▶ [Data below]
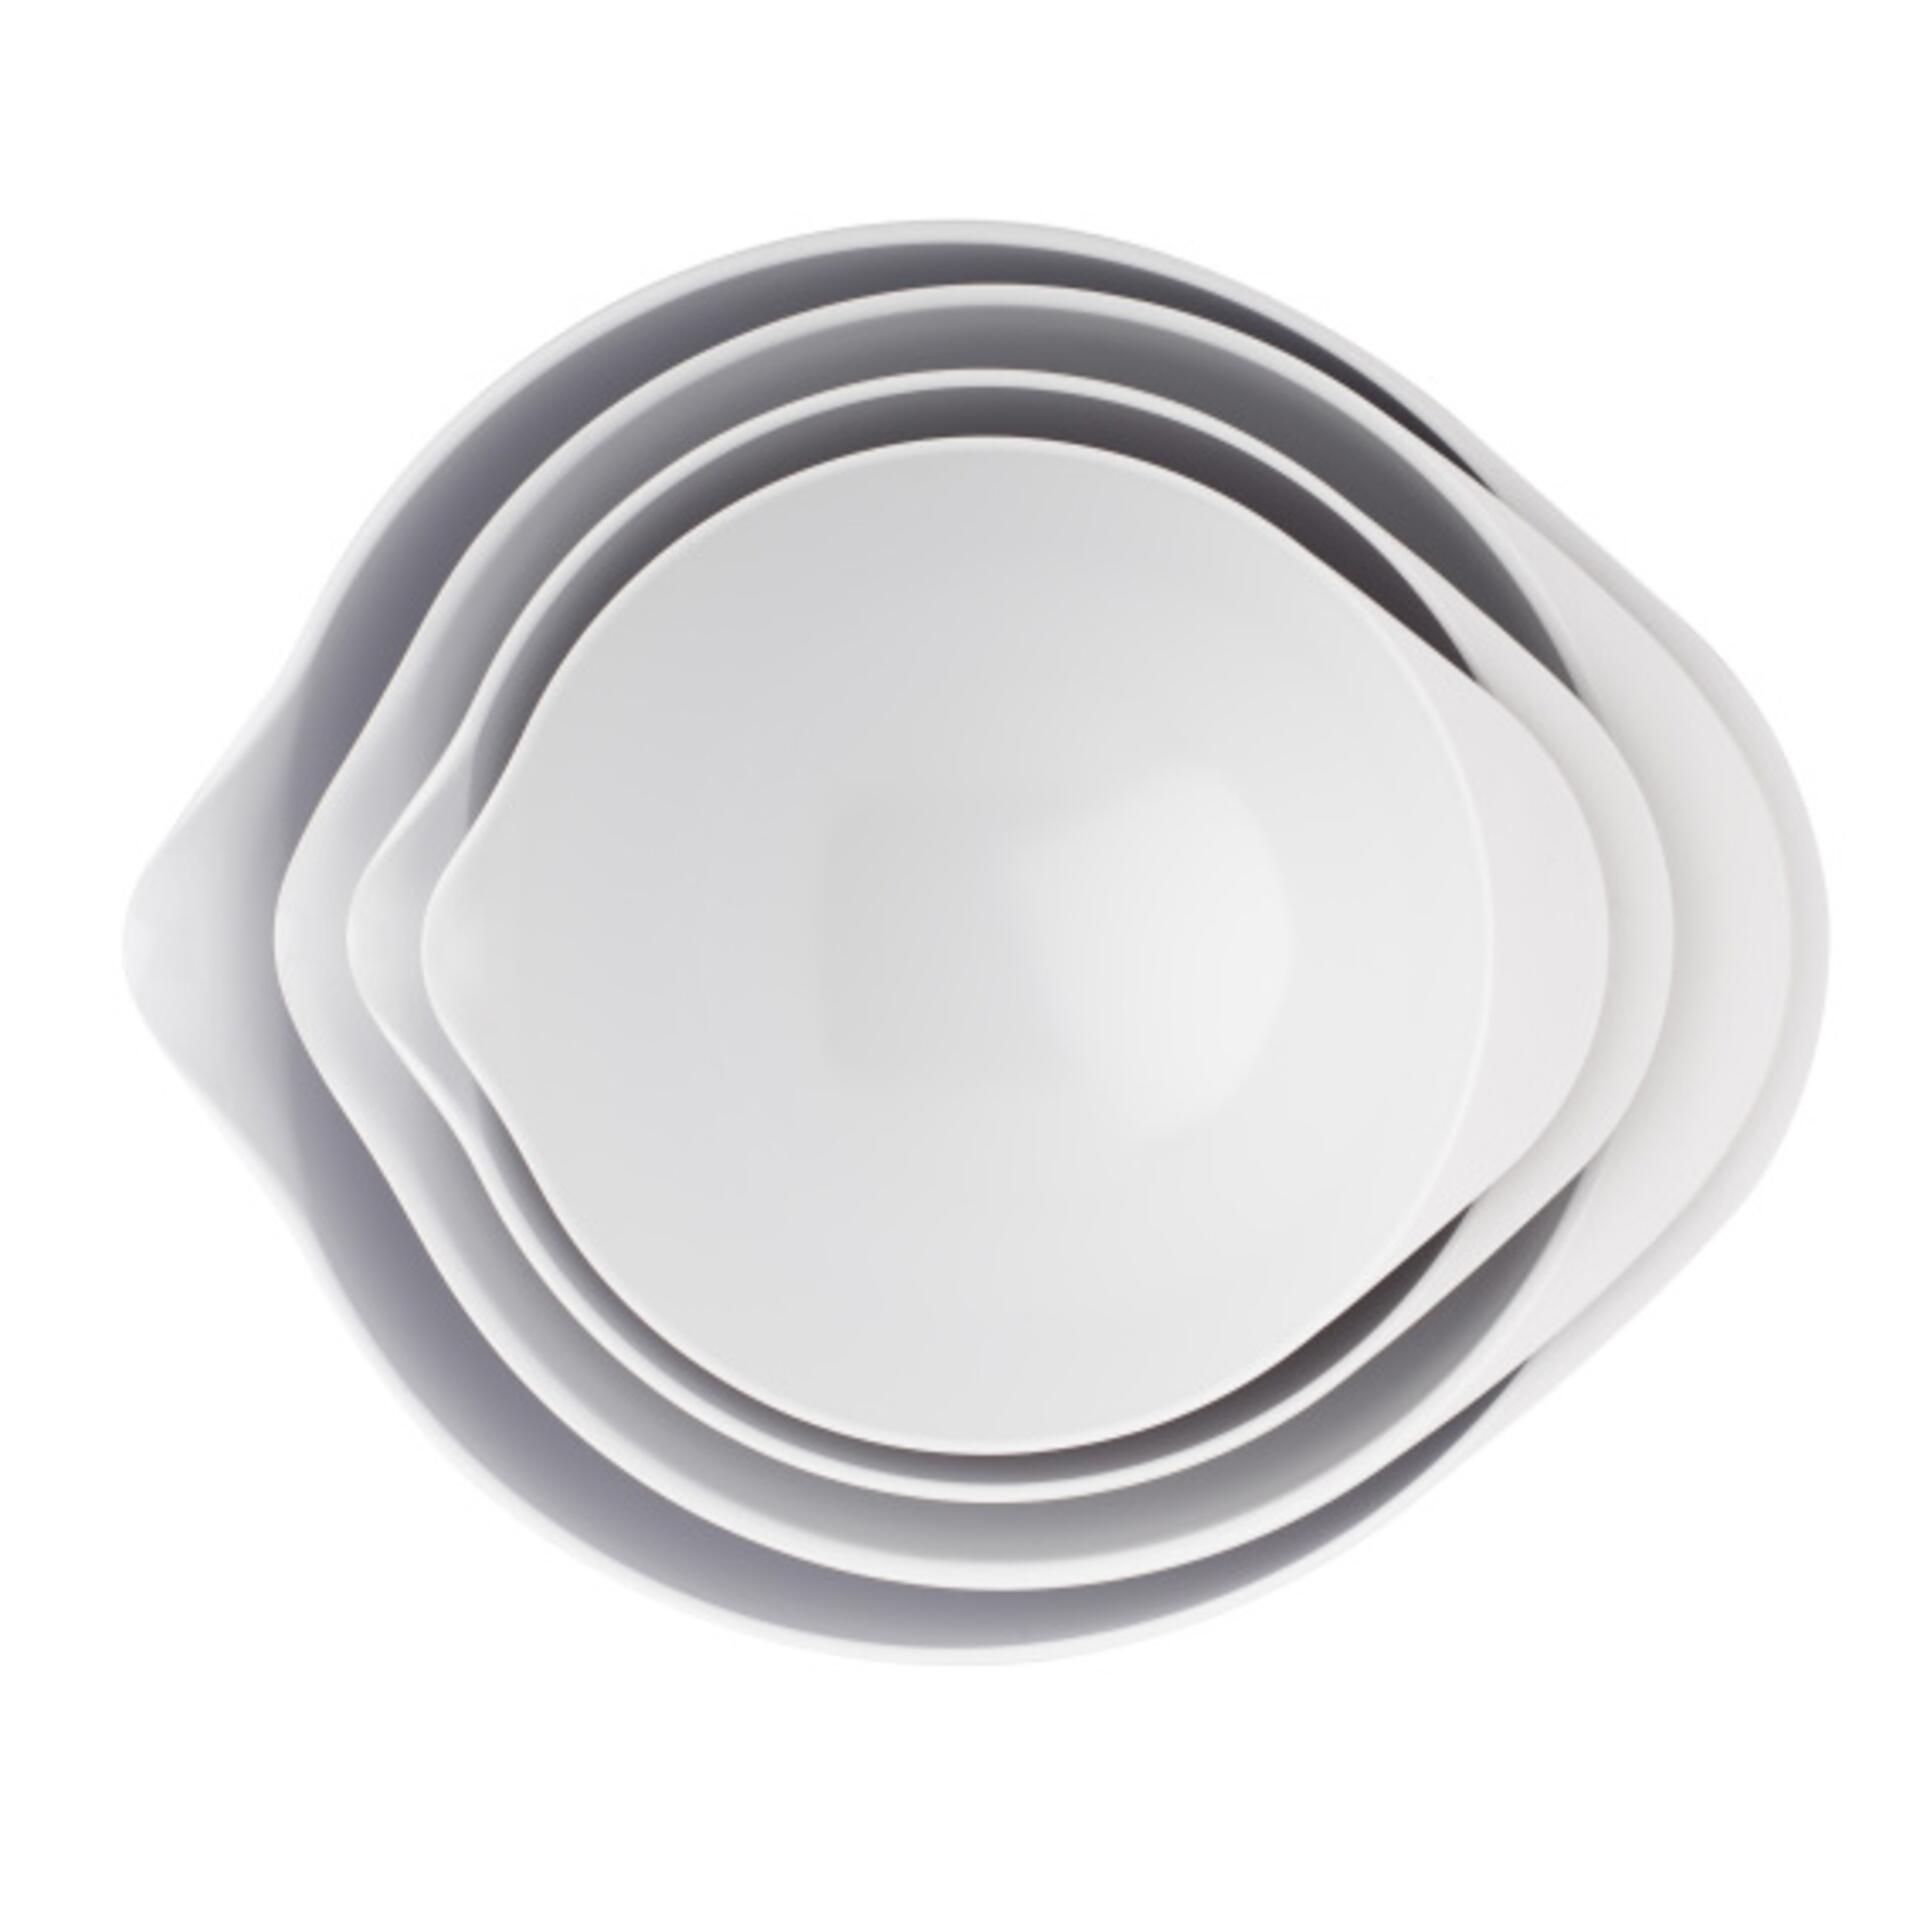 Rosti Mepal Margrethe Rührschüssel 2,0 l Weiß
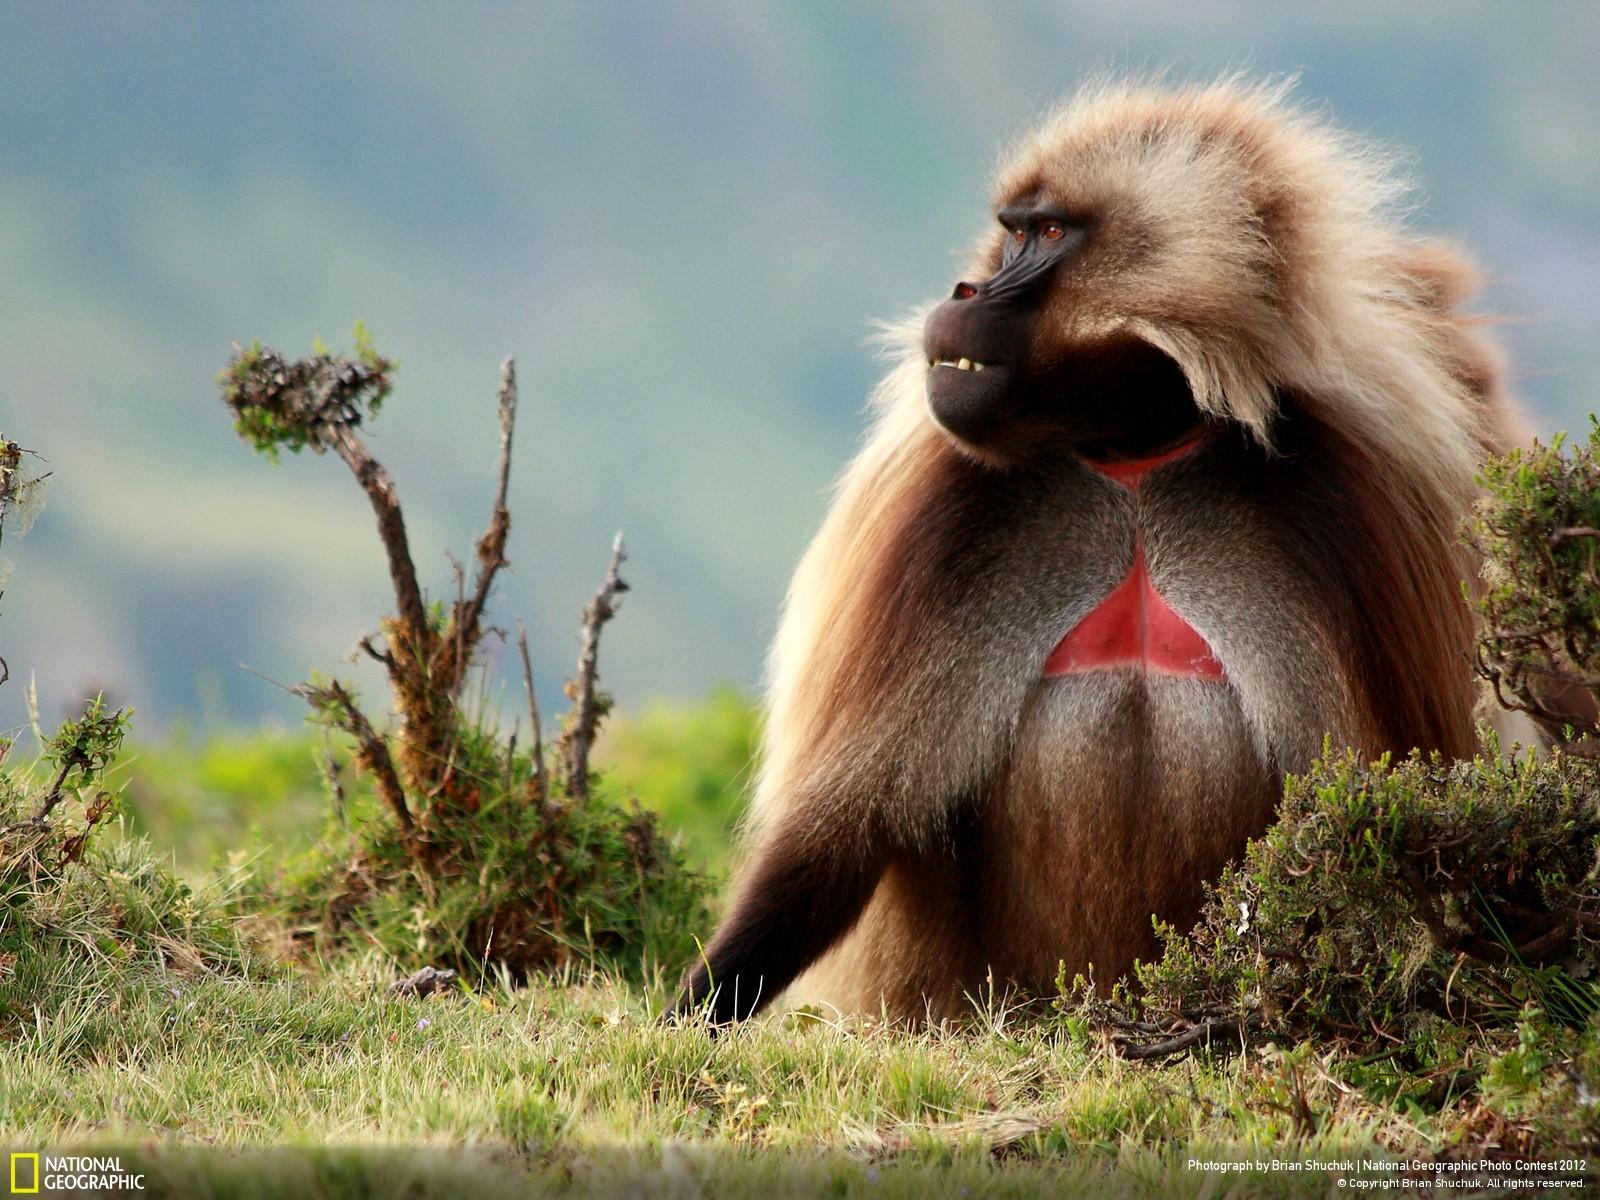 51 Лучшие фотографии за 2012 год по версии National Geographic
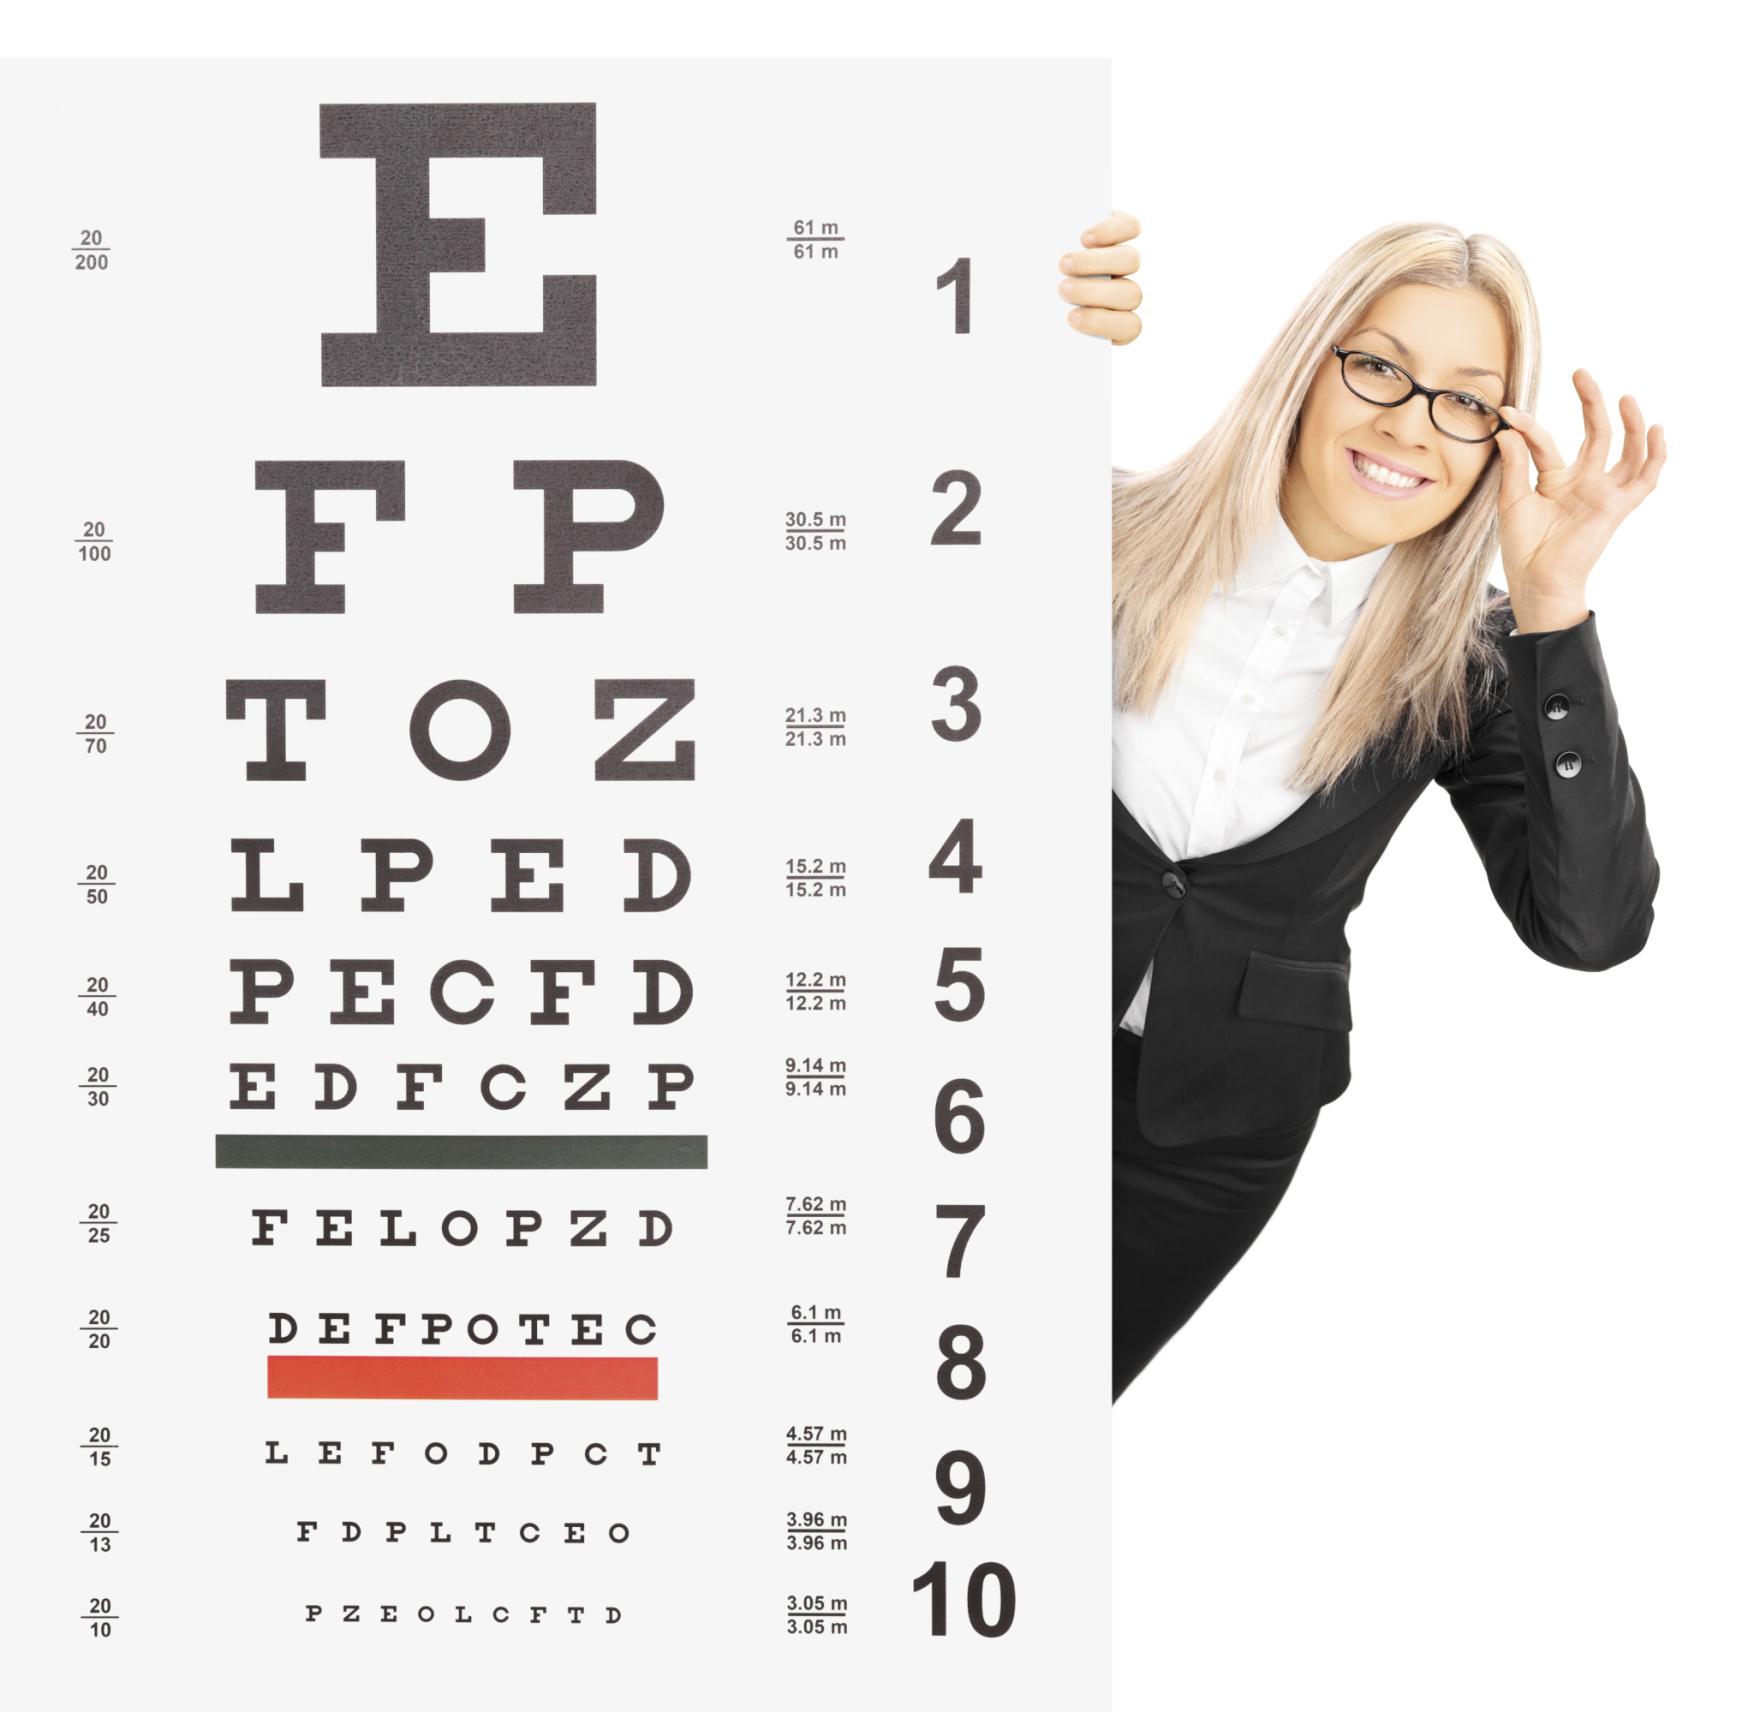 mi a látás legnagyobb hátránya

▶ [Work request] Print every line of the data exactly. Pictures do not belong in the copy.

▶ [Answer space]
 Rosti Mepal Margrethe Rührschüssel 2,0 l Weiß
 51 Лучшие фотографии за 2012 год по версии National Geographic
 mi a látás legnagyobb hátránya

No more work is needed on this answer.